In November 2006, the MBTA launched a concerted effort to improve service quality on key bus routes. The 2008 Service Plan recommended improvements for various lines, including upgrading the 31 bus to key route standards. A second round of upgrades, entitled the Key Routes Improvement Project and costing $10 million in all, was supported by the American Recovery and Reinvestment Act of 2009. The Silver Line services were originally considered part of this program, but were later split off into a separate enhancement project.

The initial Key Routes Improvement Project was concluded in 2013, with some planned upgrades not being made. Due to these changes, the reliability of service (as measured by adherence to posted service frequencies) has been found to be greater on the Key Routes than on others, with 75% versus 61% respectively in June 2017.

A 2012 statistical analysis found that proximity to key bus routes was inversely correlated to taxicab trip generation, whereas taxicab trip generation actually increased with proximity to bus routes overall, suggesting that only the routes with highest frequency were able to compete with taxi service among customers with the option to choose.

In April 2014, extended late-night service on the key bus routes and rapid transit routes was announced, to be operated on a one-year trial basis with service continuation depending on late-night ridership and on corporate sponsorship. As of April 2015, late-night service was cut back from 2:30am to 2:00am, and extended hours were dropped from 5 of the 15 key bus routes. Late-night service was discontinued altogether in March 2016.

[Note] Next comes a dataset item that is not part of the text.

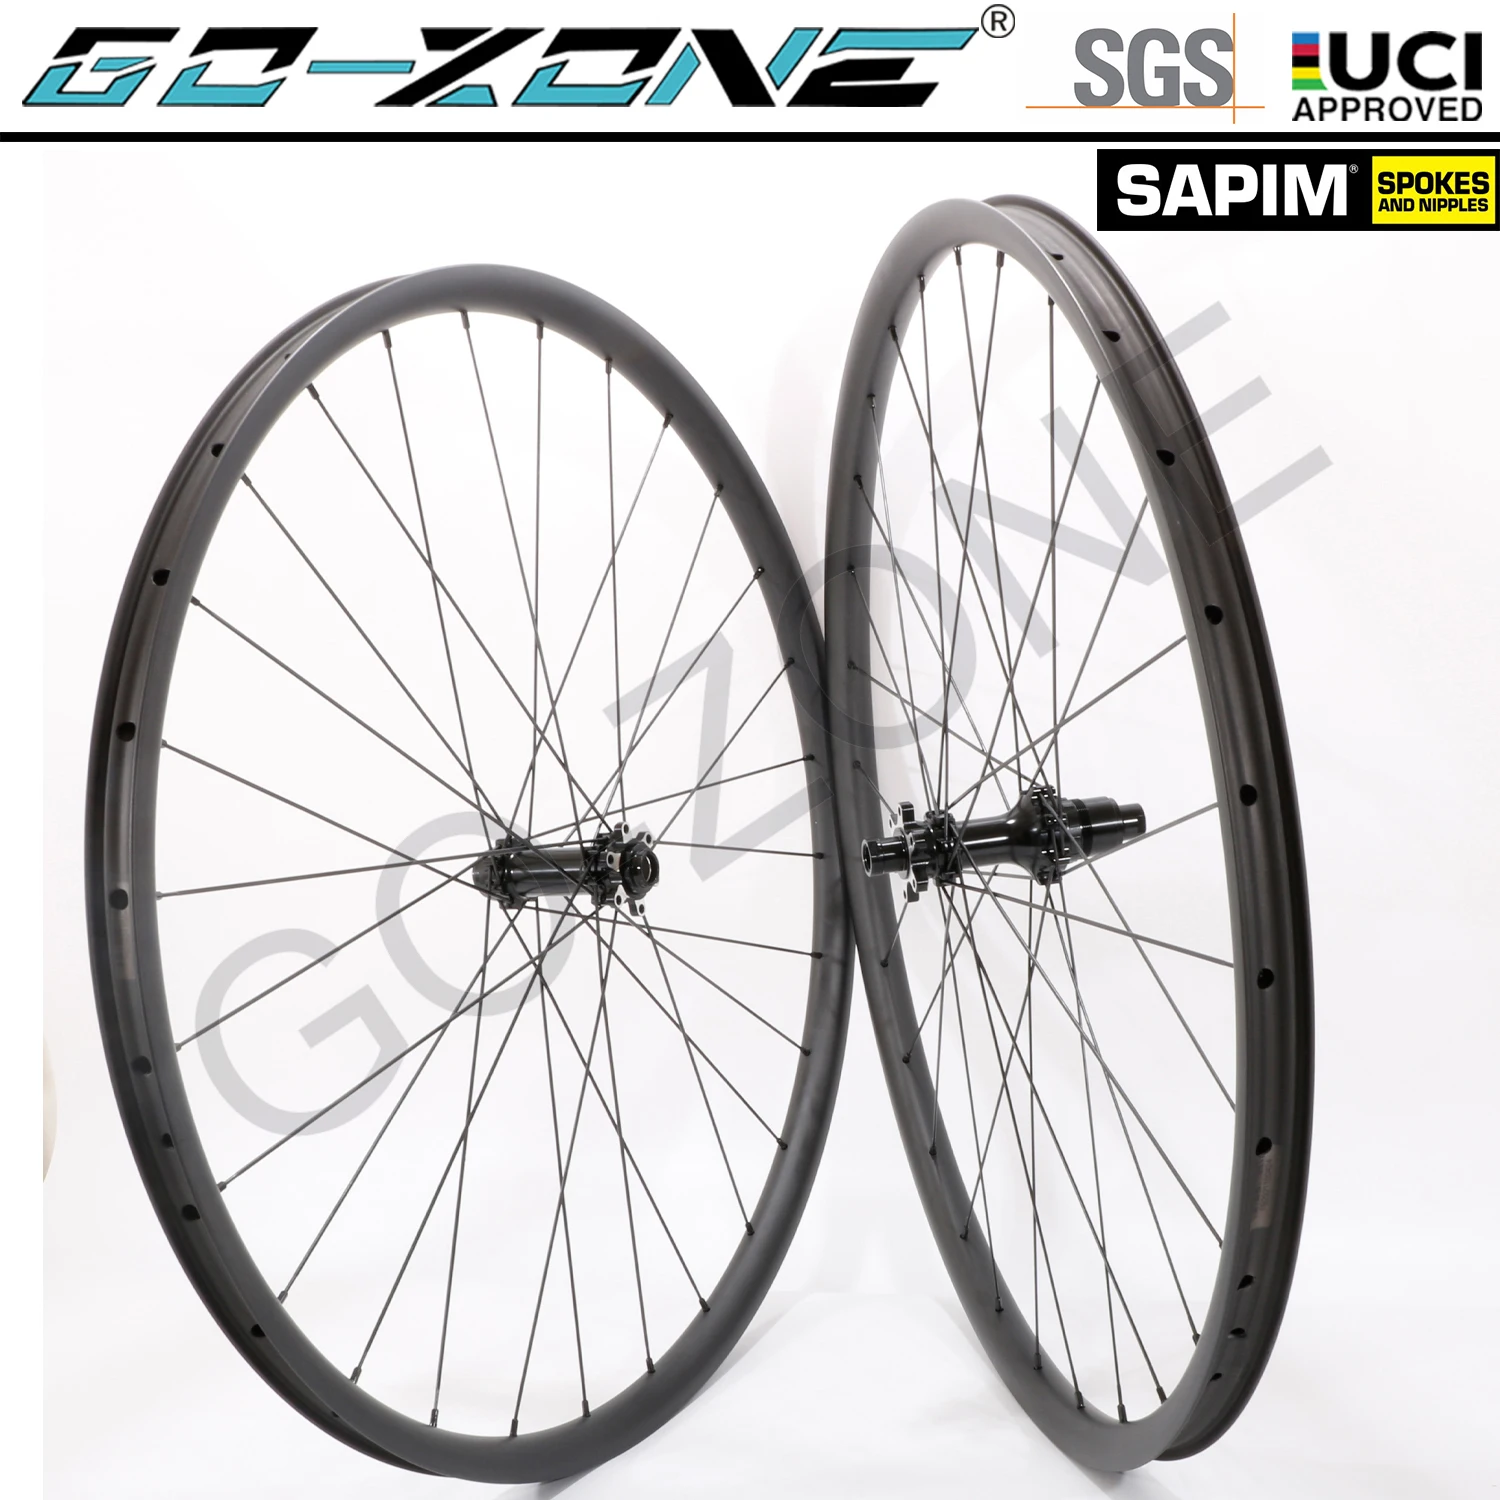 

29er Carbon MTB Wheels Tubeless Super Light GO-ZONE PRO4 Sapim Thru Axle / Quick Release / Boost UCI Approved MTB Wheelset 29
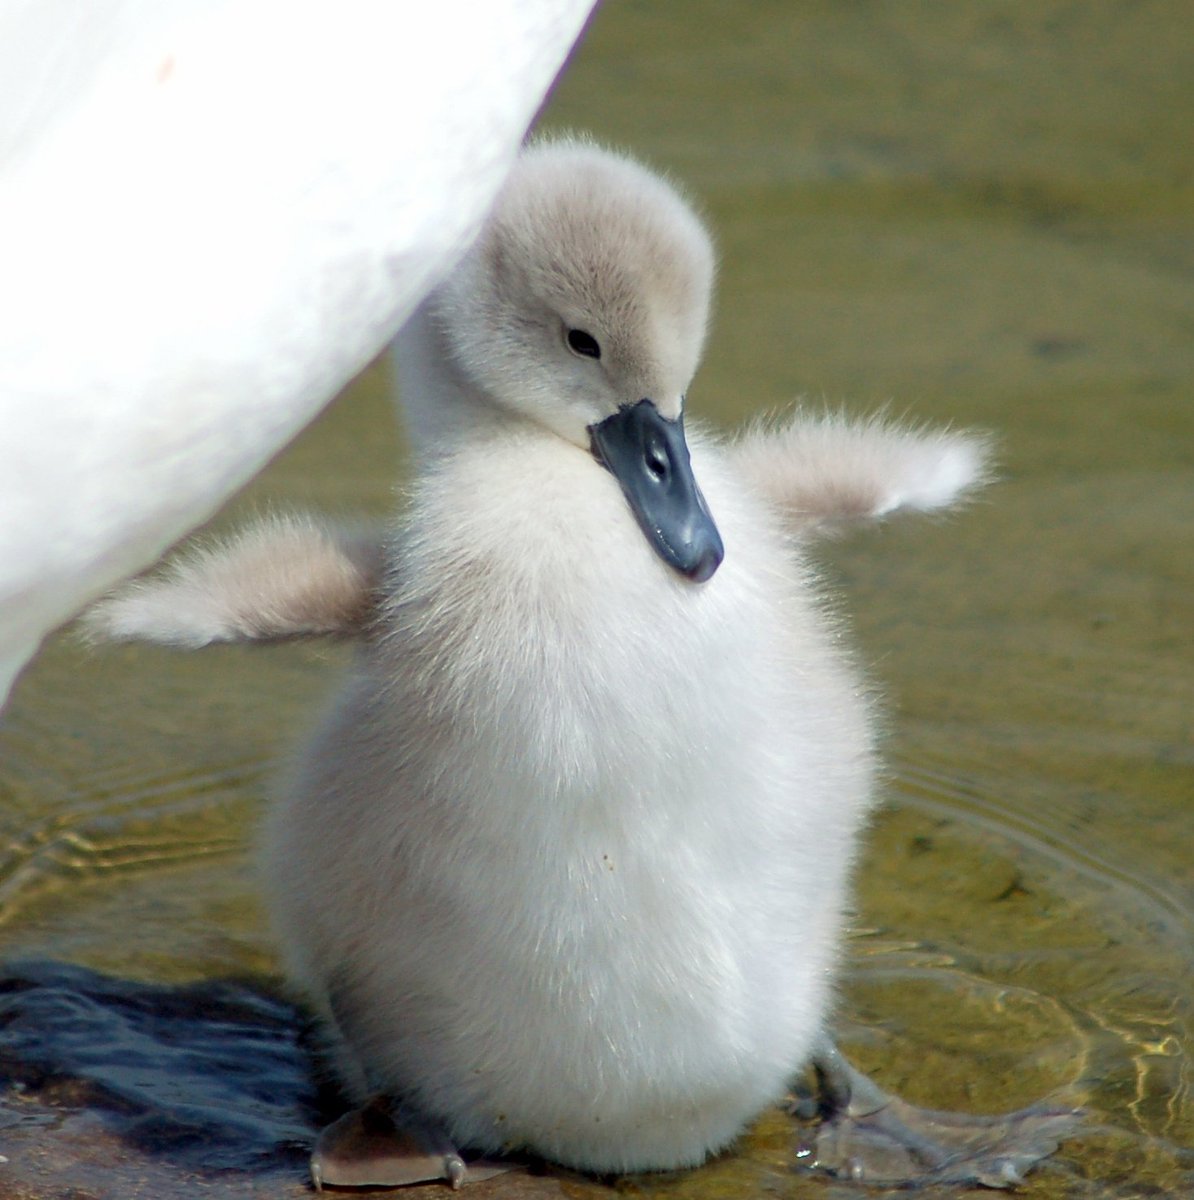 'Look mummy, my wings are huge!'

The category of key bus routes figured into Boston mayor Marty Walsh's "Go Boston 2030" initiative, which included the goal of having "every Boston household" within a 10-minute walk from a T station or a bus stop on a key route. In addition, a new key route was proposed to connect the Longwood Medical and Academic Area with JFK/UMass station via Roxbury.

In May 2022, the MBTA released a draft plan for a bus network redesign, which included potential changes to most of the key routes. A number of other routes would be upgraded to key bus route frequency, forming a high-frequency bus network complementing the rapid transit network. A revised plan was released in November 2022.

===Key routes criteria===
The MBTA's Service Delivery Policy uses five criteria when determining if a route is part of the Key Bus Routes program.
- High ridership demand
- Connectivity within the system
- Geographic coverage
- Accommodation of major new development
- Operation as bus rapid transit

===Policy standards===
A bus route that has been identified as a key route must adhere to two policy standards: Span of service and frequency of service, both of which mandate service levels well above a standard local route. The following tables outline these standards as compared to standard local routes.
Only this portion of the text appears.